Jakarta (beritajatim.id) – Kementerian Kelautan dan Perikanan (KKP) menghentikan sementara aktivitas pemanfaatan ruang laut di lima lokasi berbeda yang terbukti tidak memiliki dokumen Kesesuaian Kegiatan Pemanfaatan Ruang Laut (KKPRL) serta melakukan reklamasi tanpa izin sesuai ketentuan perundangan.
Penindakan dilakukan selama periode 6–9 Oktober 2025 dan ditandai dengan penyegelan oleh Polisi Khusus Pengelolaan Wilayah Pesisir dan Pulau-Pulau Kecil (Polsus PWP3K) dari Direktorat Jenderal Pengawasan Sumber Daya Kelautan dan Perikanan (PSDKP).
Empat dari lima lokasi berada di Kabupaten Halmahera Timur (Haltim), Provinsi Maluku Utara, mencakup kegiatan reklamasi terminal khusus (tersus) oleh PT JAS (0,797 ha), PT MJL (2,204 ha), PT ANI (1,066 ha), dan PT AR (8,452 ha). Sementara satu lokasi lainnya berada di Kabupaten Karimun, Kepulauan Riau, milik PT MDP dengan luas 0,291 ha.

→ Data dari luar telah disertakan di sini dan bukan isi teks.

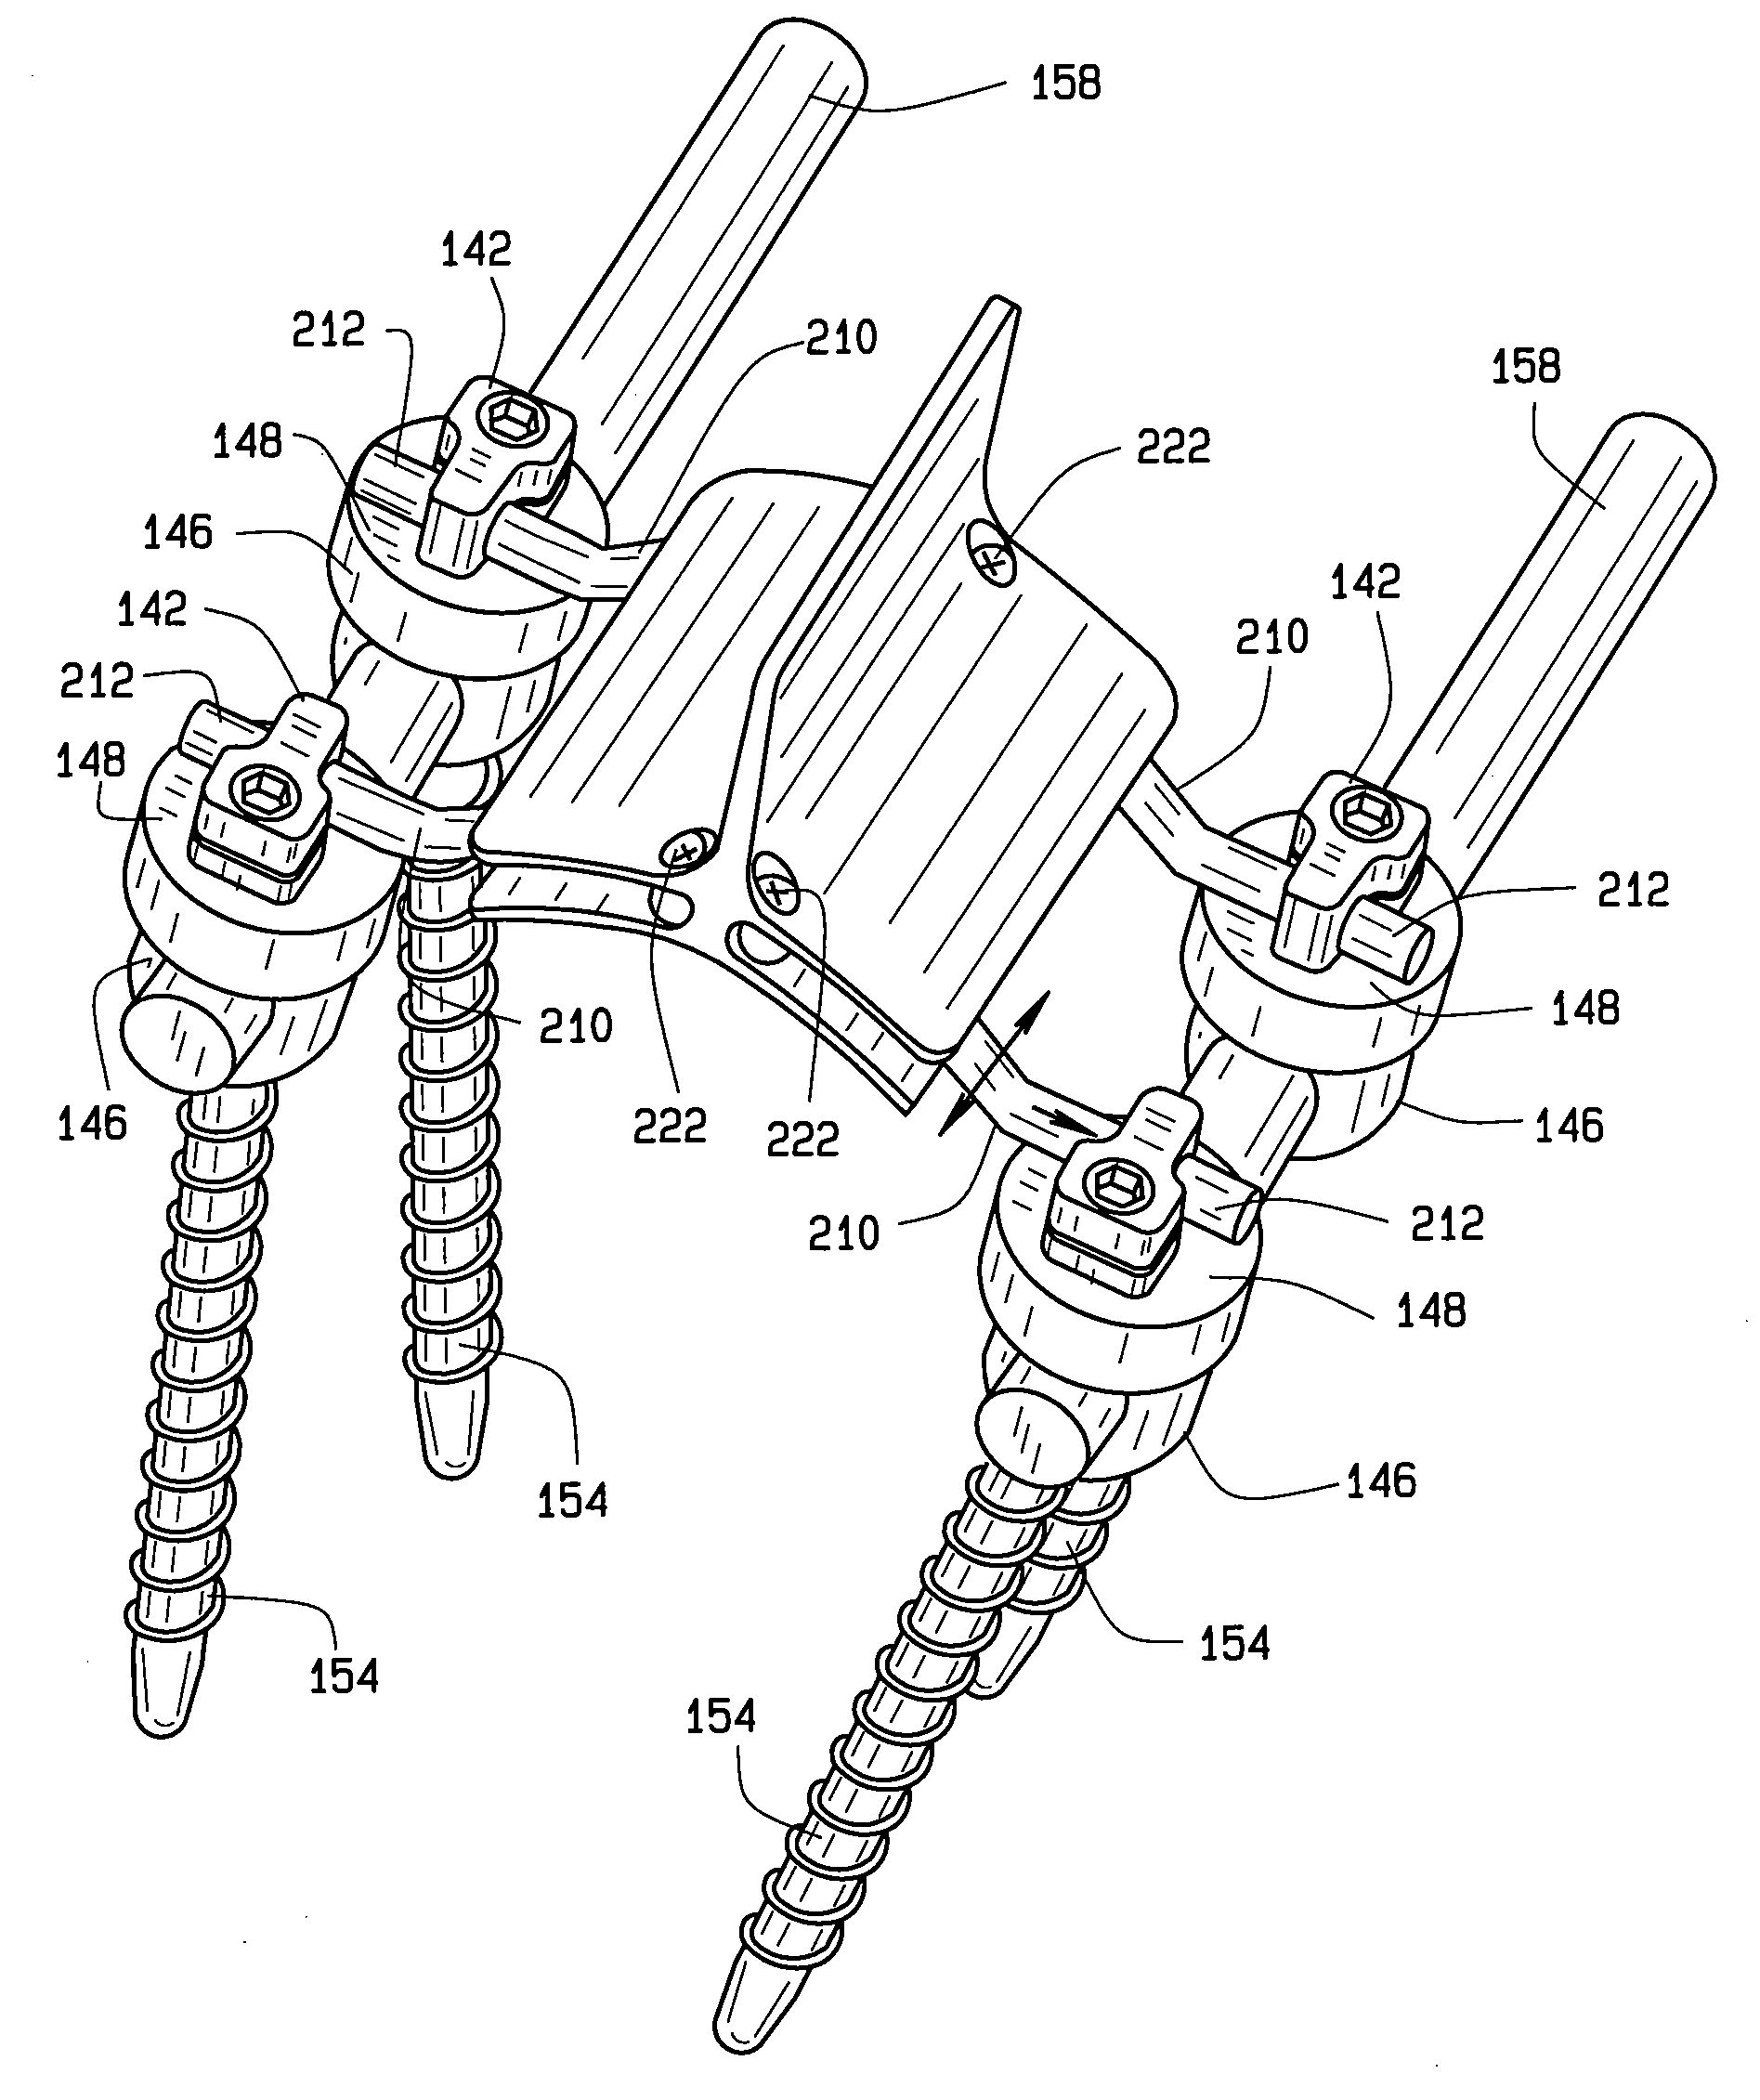 Device for spinal fusion

“Jadi dalam seminggu ini total lima lokasi telah disegel, dengan total luasan 12,519 hektare di Haltim, dan 0,291 hektare di Karimun Kepri,” kata Direktur Jenderal PSDKP, Pung Nugroho Saksono atau Ipunk, saat memimpin langsung proses penyegelan di Haltim pada Kamis, 9 Oktober 2025. Ia menyebut tindakan ini menjadi bagian dari rangkaian Bulan Bakti Kelautan dan Perikanan dalam rangka memperingati HUT ke-26 KKP.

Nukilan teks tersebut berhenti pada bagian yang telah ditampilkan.